The bg gene sequences of the 24 human isolates revealed three assemblages: A (n = 9), B (n = 14), and D (n = 1). For assemblage A, subtypes A2 (MK982541, n = 4) and A3 (MK982540, n = 5) were identified, and these displayed 100% similarity with sequences obtained from human isolates in Egypt (MG736240) and Kenya (LC436576). For assemblage B, six different subtype sequences (n = 14) were identified, including three known (n = 11) and three novel sequences (n = 3). The three known sequence types, MK982542 (n = 9), MK982543 (n = 1), and MK982544 (n = 1), were identical to assemblage B isolates from humans in Ethiopia (KT948084), Brazil (KU504707), and Kenya (LC436567), respectively.
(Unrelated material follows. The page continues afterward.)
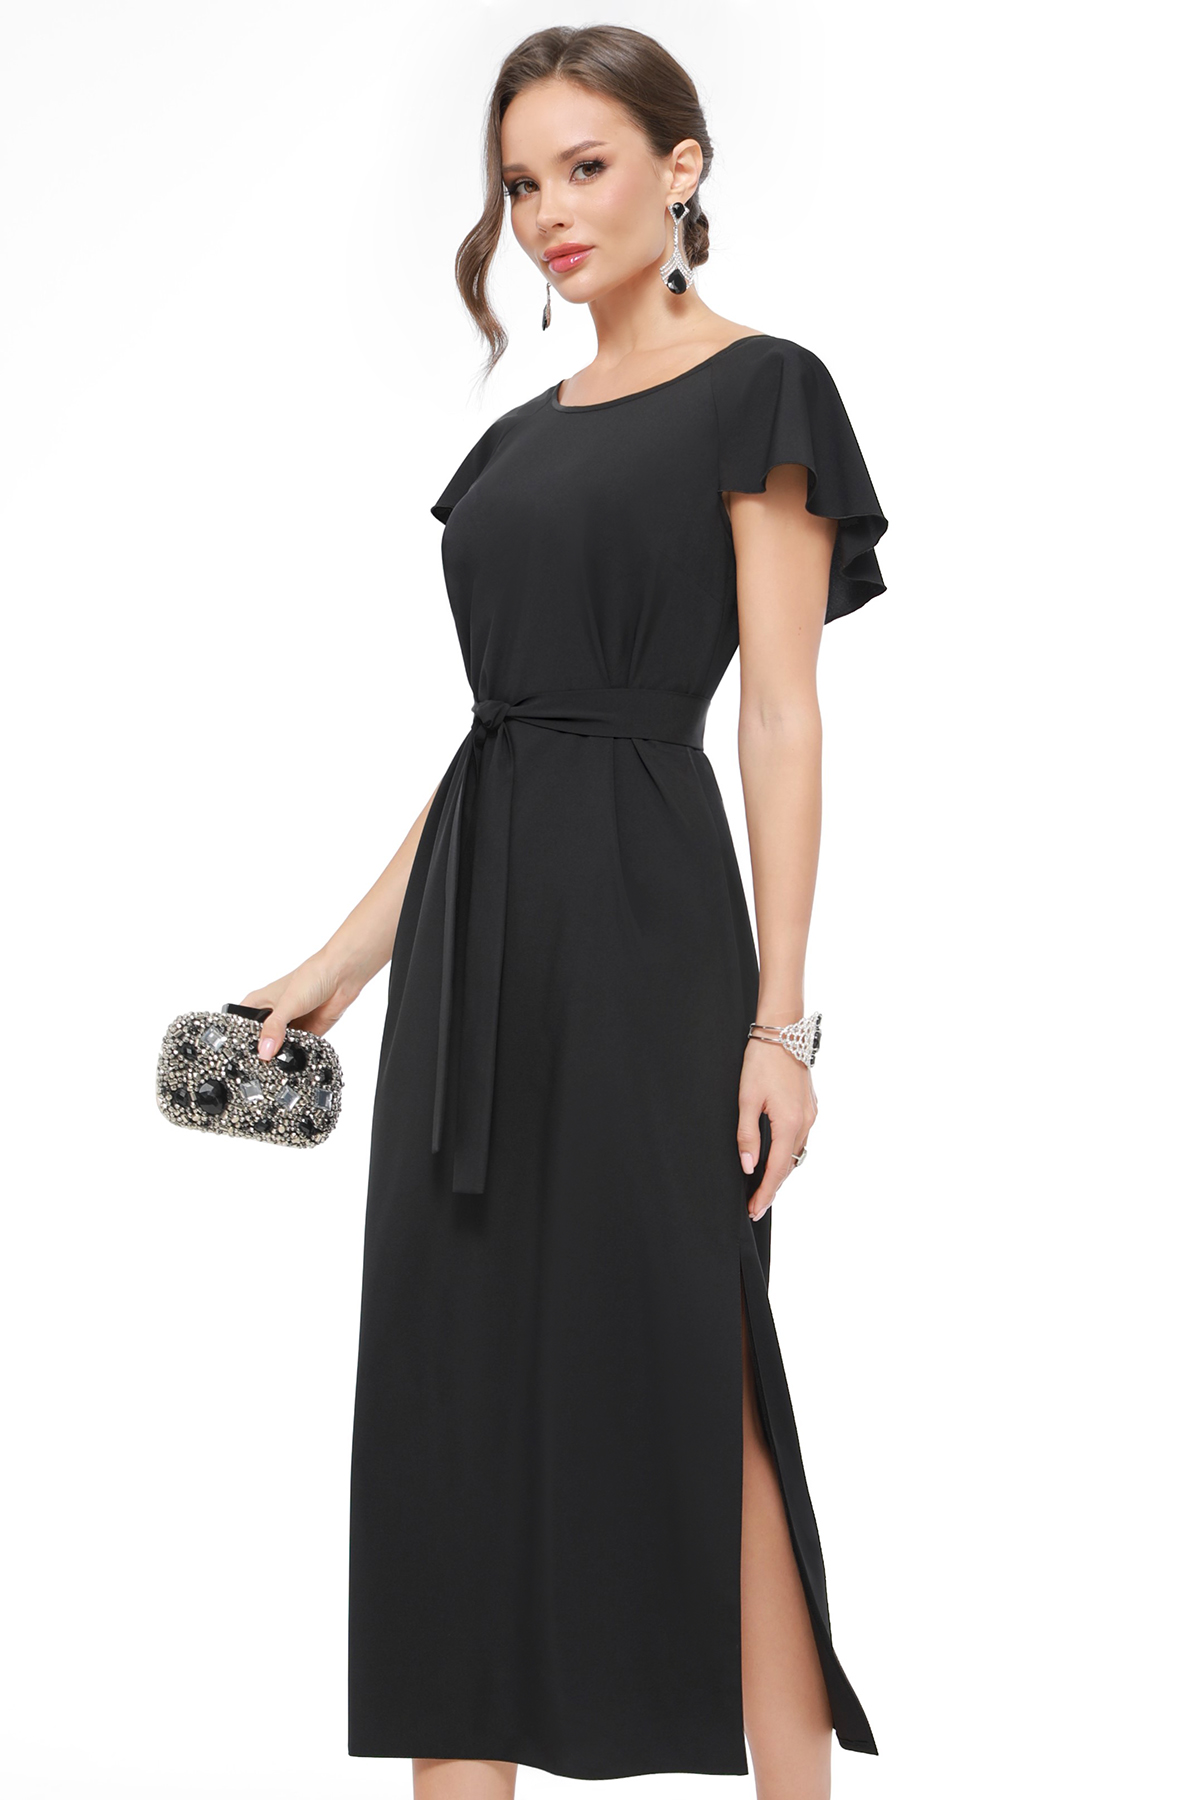 Платье женское DSTrend 0430 черное 50

The remaining three sequences from assemblage B (MK982545 (n = 1), MK982546 (n = 1), and MK982547 (n = 1)) represented novel isolates, which had five to seven nucleotide polymorphism substitutions compared to the reference subtype B3 (AY072726) (Supplementary Table 1). One isolate sequence was identified as assemblage D, which showed a 100% homology with a sequence previously reported from dogs in Italy (AY545647) and China (KY979500).
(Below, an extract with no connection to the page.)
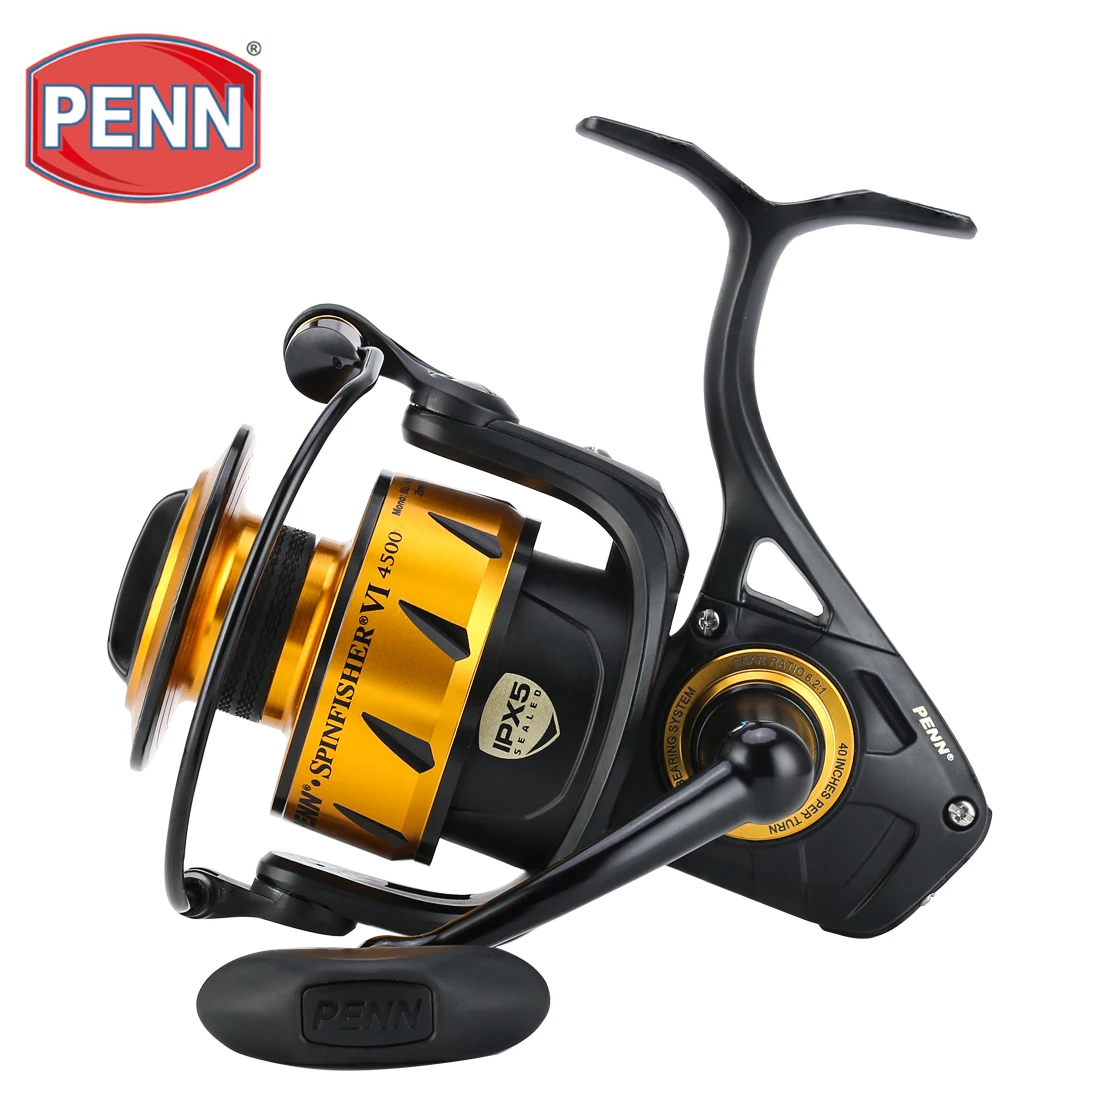 Penn Spinfisher VI Spinning 2500-10500 IPX5 Full Metal Body Reel NEW 2019 
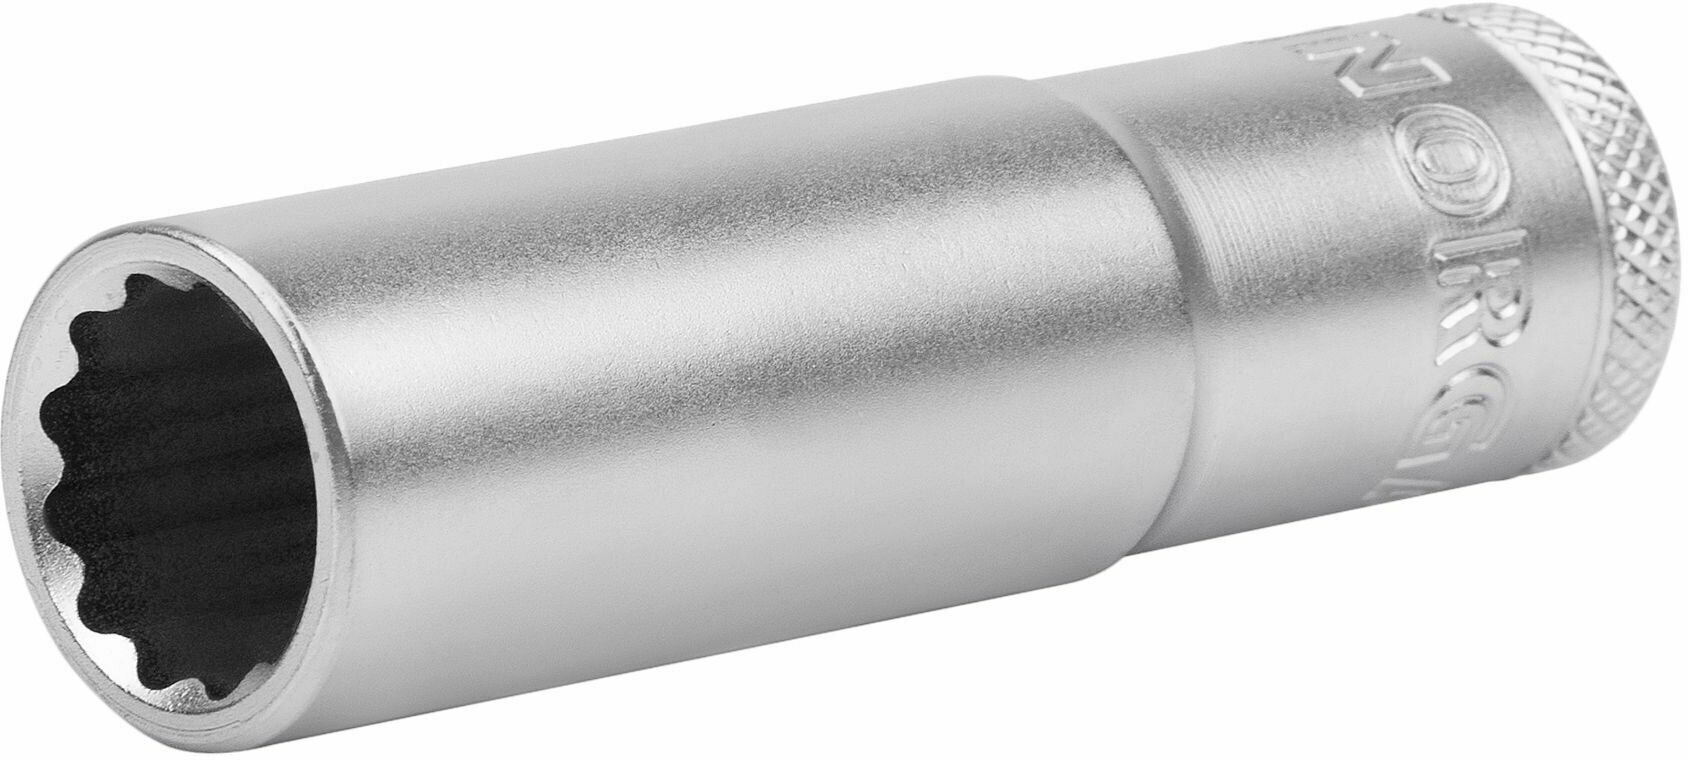 Головка торцевая 1/2" NORGAU Industrial 15 мм 12-гранная удлиненная с шариковой фиксацией

Among the 35 human isolates successfully amplified and sequenced from the gdh gene, assemblages A (n = 11), B (n = 17), and E (n = 7) were identified (Table 2). One sequence (MK982469, n = 11) was identified as assemblage A (subtype A2) which showed 100% similarity with an assemblage documented from children in China (MK962825) and humans in Iran (MH311029). There were 13 sequences from assemblage B identified from 17 isolates, including four known and nine novel sequences. The four known sequences, MK982470 (n = 3), MK982471 (n = 1), MK982472 (n = 2), and MK982473 (n = 1), were identical to those isolated from humans in Australia (EF685684), Ethiopia (KT948094), Egypt (MG746611), and Ethiopia (KT948095), respectively. Analysis of the nine novel sequences revealed that these isolates differed from the reference subtype B4 (EF507654) by four to 10 single nucleotide polymorphisms (Supplementary Table 2). The remaining seven isolates were identified as assemblage E, four of which (MK982483) belonged to a known subtype E3 (KY769099), and three belonged to a novel subtype. The novel sequence (MK982484) displayed 99.8% similarity to an isolate from Tan Sheep (MK645797) in China, with one nucleotide substitution at position 499 (G to A).
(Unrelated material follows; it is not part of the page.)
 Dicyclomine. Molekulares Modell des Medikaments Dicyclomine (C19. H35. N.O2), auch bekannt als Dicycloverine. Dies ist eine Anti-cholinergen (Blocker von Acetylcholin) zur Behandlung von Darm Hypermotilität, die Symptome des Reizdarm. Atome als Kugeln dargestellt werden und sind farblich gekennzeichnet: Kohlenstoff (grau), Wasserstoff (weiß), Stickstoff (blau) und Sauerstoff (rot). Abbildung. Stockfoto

For the tpi gene, 30 human isolates were successfully amplified and sequenced and classified as assemblages A (n = 14) and B (n = 16). Three distinct sequence types were identified in the 14 assemblage A isolates, 10 isolates (MK982486) had 100% sequence similarity to subtype A2 obtained from humans in Iran (MH673818), Cuba (KY271712), Spain (KX469026), and Slovakia (KR105400). The sequences of the other three assemblage A isolates (MK982487) had a 100% similarity to subtype A2 reported in humans from Iran (MH673809) and monkeys from China (KJ888992). However, the sequence of the remaining isolate (MK982488) was 99.8% similar to human isolates from Iran (MH673818), with one substitution at nucleotide position 121 (A to T). The sequences of the 16 assemblage B isolates were assigned to nine subtypes, including four known and five novel subtypes. The four known sequence types MK982489 (n = 6), MK982490 (n = 2), MK982491 (n = 2), and MK982492 (n = 1) had 100% homology to human isolates from Iran (MH310999), Spain (KX468987), Croatia (JN587407), and Ethiopia (KT948104), respectively. The five novel sequence types (MK982493 to MK982497) were each detected from a single isolate, with two to seven nucleotide substitutions compared to the reference subtype B4 (AF069560) (Supplementary Table 3).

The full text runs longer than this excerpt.